Musharraf has effected a second coup, the first being
his takeover in 1999.
Doing so, he invoked
Abraham Lincoln: "By general law life and limb
must be protected; yet often a limb must be amputated to
save a life."
Indeed,
Lincoln, too, impeded elections in Maryland, ordered
Chief Justice Roger Taney arrested, shut newspapers,
suspended
habeas corpus, arrested thousands who
sympathized with the South's right to independence and
ordered a blockade of Southern ports.
What has been the reaction of the great evangelist of
Wilsonian democracy in the White House to its
suspension in Pakistan?
Military aid to the regime and army will continue.
Welcome to the real world, where state interests
always trump ideology. The "world democratic
revolution" and the Second Bush Inaugural goal of
"ending tyranny in our world" have been put on
the shelf. For what is at issue is more critical than
whether Musharraf is dictator or democrat.
Pakistan, a nation of 170 million with nuclear
weapons, is up for grabs. And the major contenders are
not democrats. On one side is Musharraf and loyal
elements of the army, police and intelligence services.
On the other are radicals with guns—disloyal soldiers,
pro-Taliban militia, al-Qaida sympathizers and
suicide-bombers.
Such folks do not settle quarrels at ballot boxes.
The crisis in Pakistan brings home the reality the
Bushites have ignored in their ideological crusades. For
in the Pakistan crucible we see starkly who our real
enemies are, whence the true dangers come and where our
vital interests lie.
Musharraf is—as were
Franco,
Pinochet and the
Shah in the Cold War—a flawed friend and an enemy of
our enemy. If he falls, any democratic successor, like
Benazir Bhutto, would not likely long survive al-Qaida
and the suicide bombers who already tried to kill her.
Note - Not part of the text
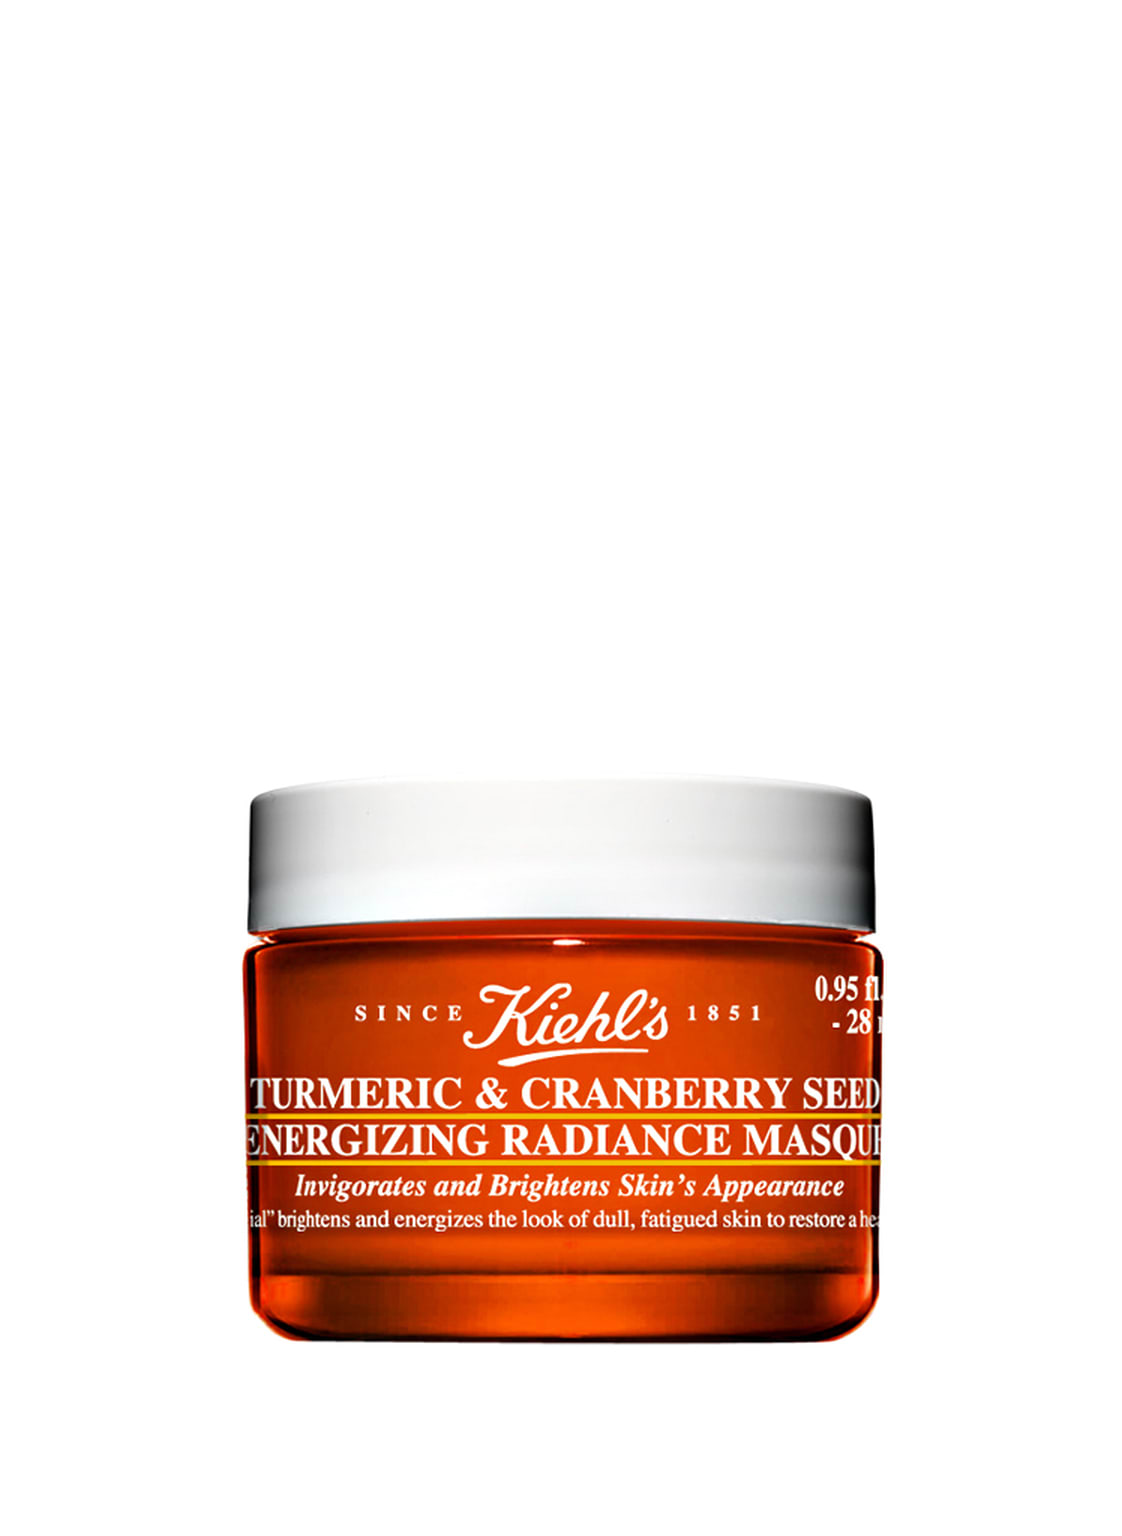 Kiehl's Tumeric & Cranberry Seed Energizing Radiance Masque Gesichtsmaske 28 ml von Kiehls

What is happening in Pakistan exposes, too, the
limits of U.S. power and the failure of President
Bush—because of the democratist ideology to which he
converted after 9-11—to see clearly the real dangers to
his country. Our enemy was always al-Qaida. It was never
Iraq. And it is not Iran, at whom the GOP candidates are
all braying their bellicosity.
After 9-11, those who viewed the horror and asked,
"Why do they hate us?" were
hooted down as unpatriotic. We were told Muslim
militants hate us because we are free, democratic and
good, and they are evil.
American can no longer afford to indulge this
ideological claptrap. We are hated not because of who we
are, but because of what we do. Nowhere is that more
true than in Pakistan.
A loyal ally in the Cold War, Pakistan served as a
strategic base camp for the Mujahideen, who used U.S.
mortars and
Stinger missiles to run the
Red Army out of Afghanistan. Then we dumped Pakistan
to court her adversary, India.
Millions of Muslims now no longer see America as the
beacon of liberty, but as an arrogant superpower with a
huge footprint in their world, dictating to their
regimes. Instead of bringing our troops home after our
Cold War and Gulf War victories, we moved permanently
into Kuwait, Saudi Arabia and the Gulf. Then we attacked
a Muslim nation, Iraq, that had neither attacked us nor
threatened us, to impose our system upon it.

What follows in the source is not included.